(Saved data entries)
- - -
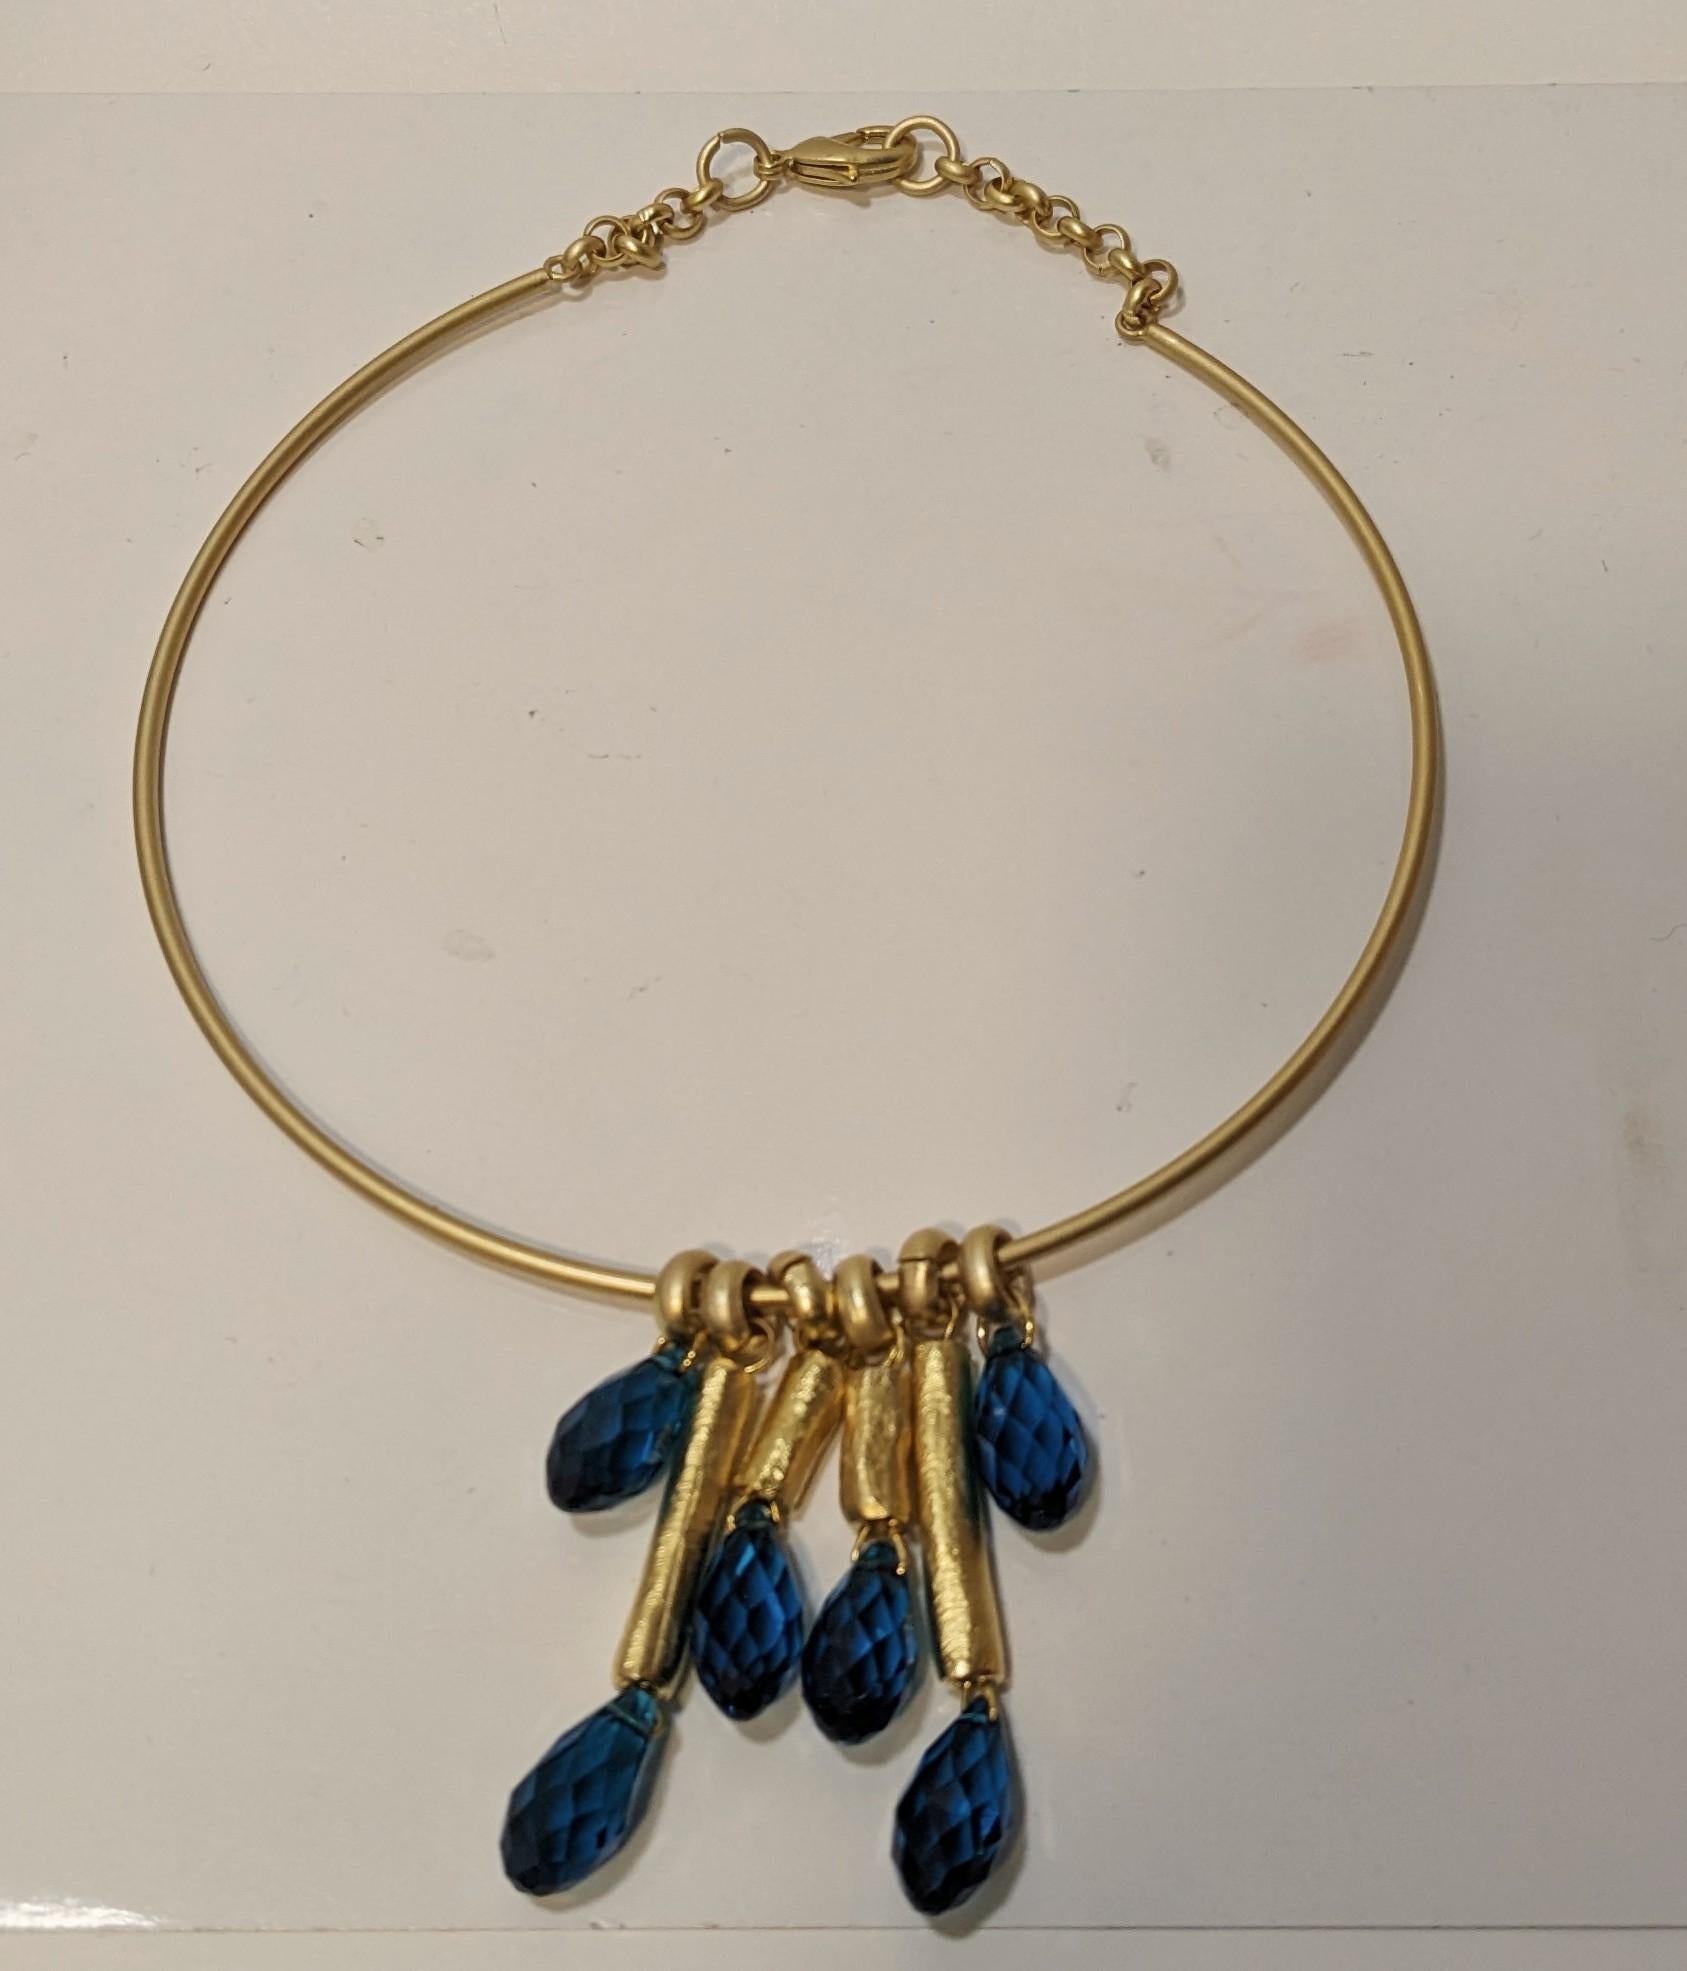 Rigid Choker with Tubes and  Capri Blue Crystals
All in 18 Karat Matte Gold Plating. It has a Carabiner Closure.
The crystals can also be emerald green.
Neck measurement  42cm (16,53 inches)


Pradera Fashion Division  is specialized in European
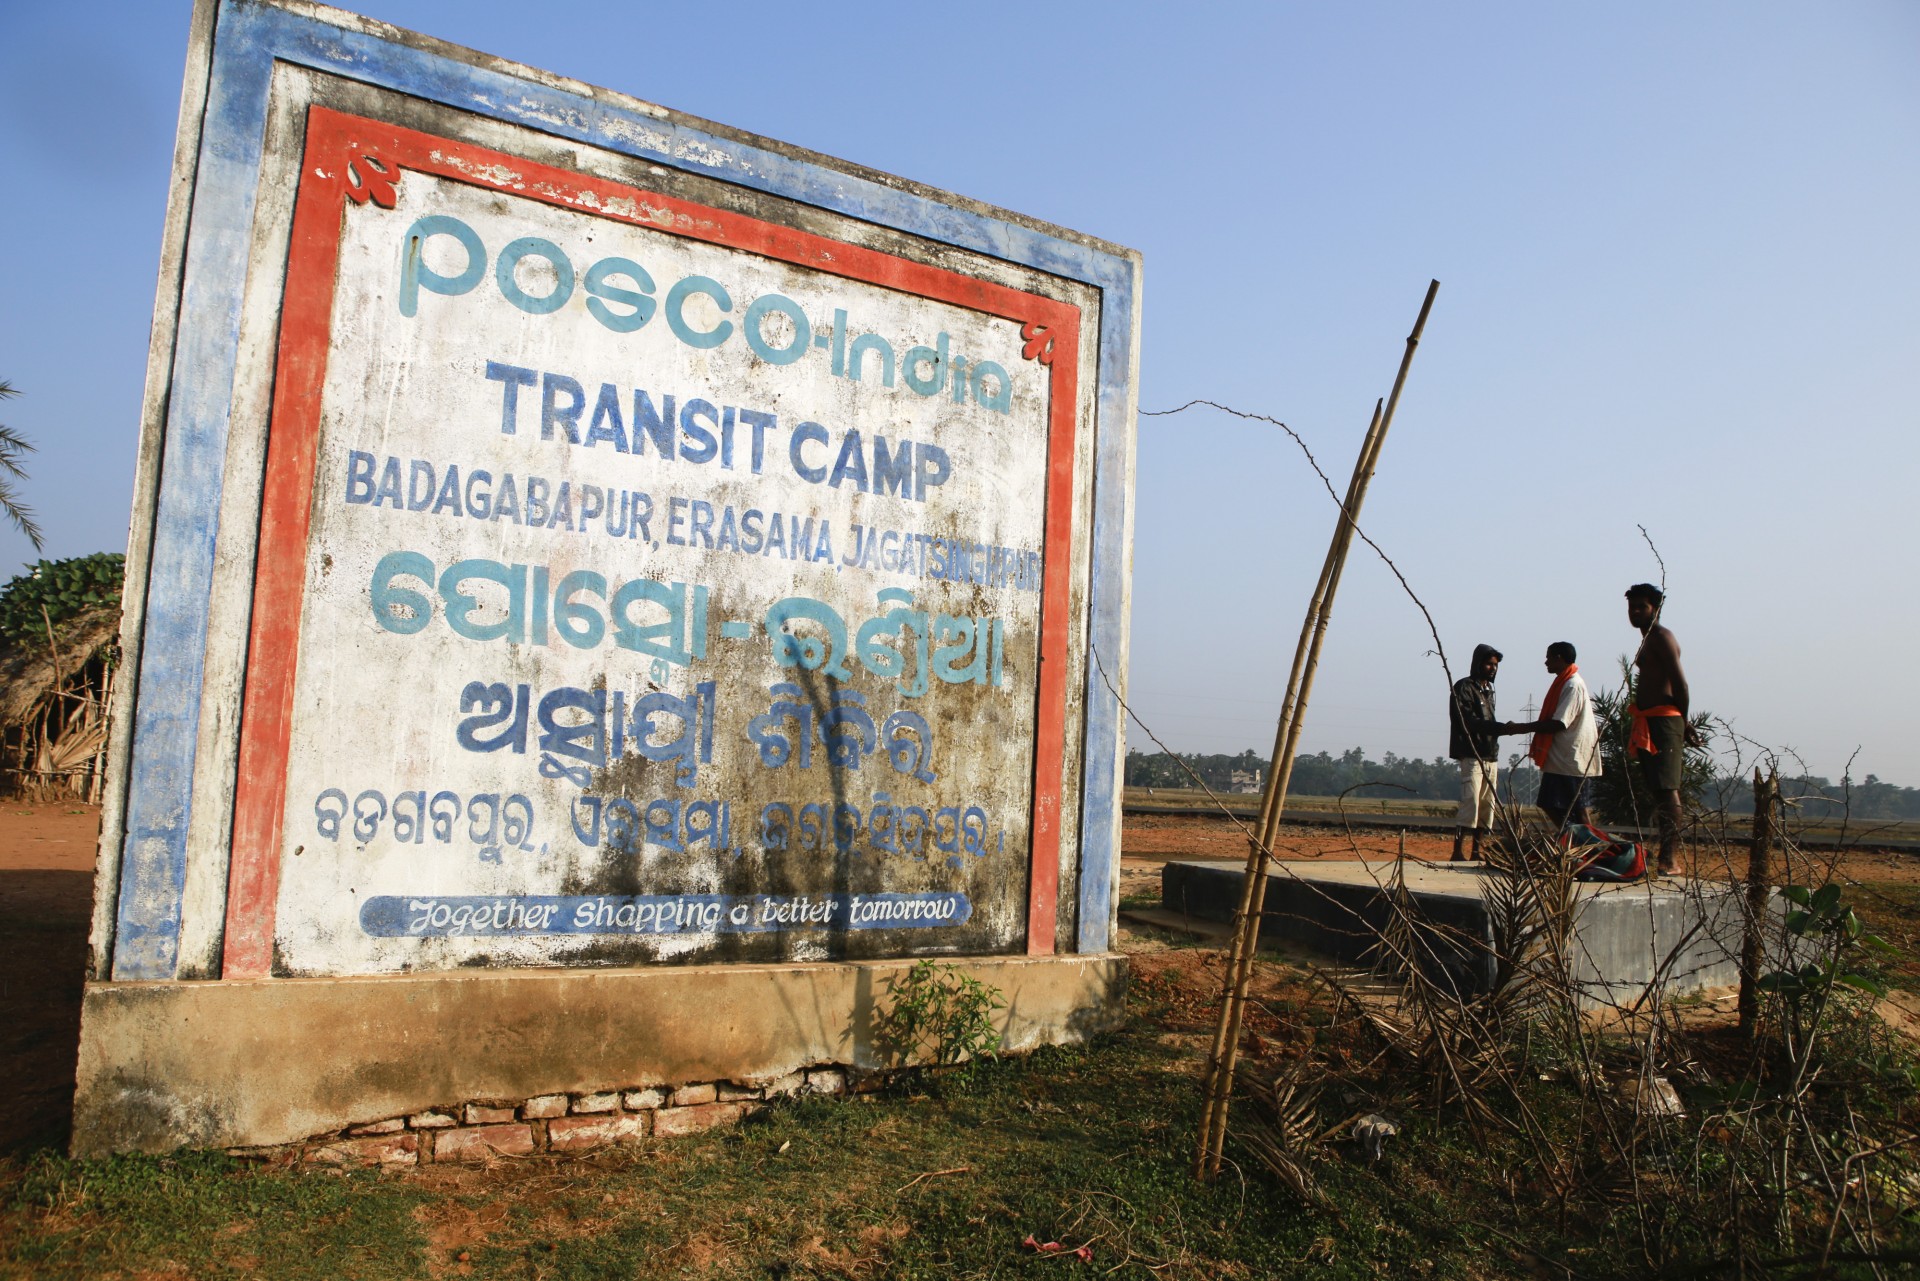 Signage for the Posco India Transit Camp, where families relocated from the site of a proposed Posco steel plant have been provided temporary shelter, stands in Badagabapur, Odisha, India, on Sunday, Jan. 19, 2014. Posco may soon start construction on a $12 billion steel complex in India first proposed in 2005 as Prime Minister Manmohan Singh speeds up the approval process for the nations biggest foreign investment. 
Foto: Prashanth Vishwanathan/Bloomberg via Getty Images
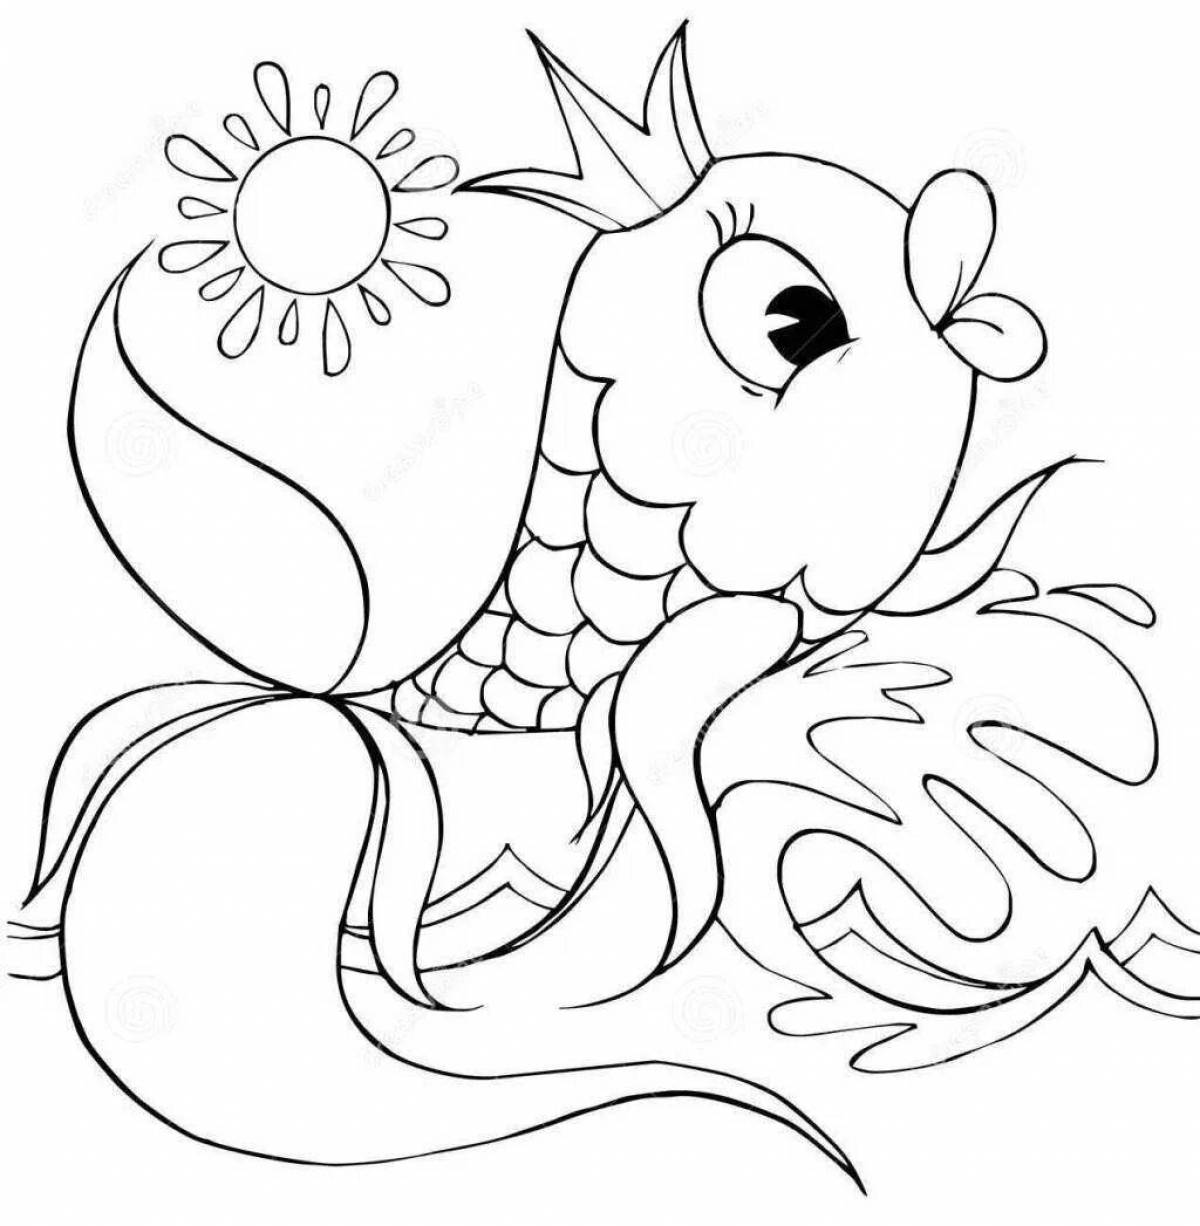 Glitter goldfish story coloring page
- - -
(ASSIGNMENT)
Write out, word for word, the lines running from the one containing "Pradera Fashion Division" to the end of the data above; the pictures are to be left out.

(TASK RESULT)
Pradera Fashion Division  is specialized in European
 Signage for the Posco India Transit Camp, where families relocated from the site of a proposed Posco steel plant have been provided temporary shelter, stands in Badagabapur, Odisha, India, on Sunday, Jan. 19, 2014. Posco may soon start construction on a $12 billion steel complex in India first proposed in 2005 as Prime Minister Manmohan Singh speeds up the approval process for the nations biggest foreign investment. 
Foto: Prashanth Vishwanathan/Bloomberg via Getty Images
 Glitter goldfish story coloring page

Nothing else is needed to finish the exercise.